» **Information given**
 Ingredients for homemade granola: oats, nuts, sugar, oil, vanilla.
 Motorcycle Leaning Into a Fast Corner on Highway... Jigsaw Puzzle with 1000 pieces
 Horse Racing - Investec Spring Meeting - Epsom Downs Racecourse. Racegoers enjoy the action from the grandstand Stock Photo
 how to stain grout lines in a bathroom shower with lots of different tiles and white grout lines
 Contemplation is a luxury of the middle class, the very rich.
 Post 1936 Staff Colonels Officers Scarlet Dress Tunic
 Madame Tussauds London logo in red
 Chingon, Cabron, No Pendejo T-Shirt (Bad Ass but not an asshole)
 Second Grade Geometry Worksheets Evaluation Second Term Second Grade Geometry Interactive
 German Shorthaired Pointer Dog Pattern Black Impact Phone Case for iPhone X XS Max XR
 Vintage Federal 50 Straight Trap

» **Exercise goal**
Check each line of the entries for "with" and copy those that have it.

» **Response area**
 Motorcycle Leaning Into a Fast Corner on Highway... Jigsaw Puzzle with 1000 pieces
 how to stain grout lines in a bathroom shower with lots of different tiles and white grout lines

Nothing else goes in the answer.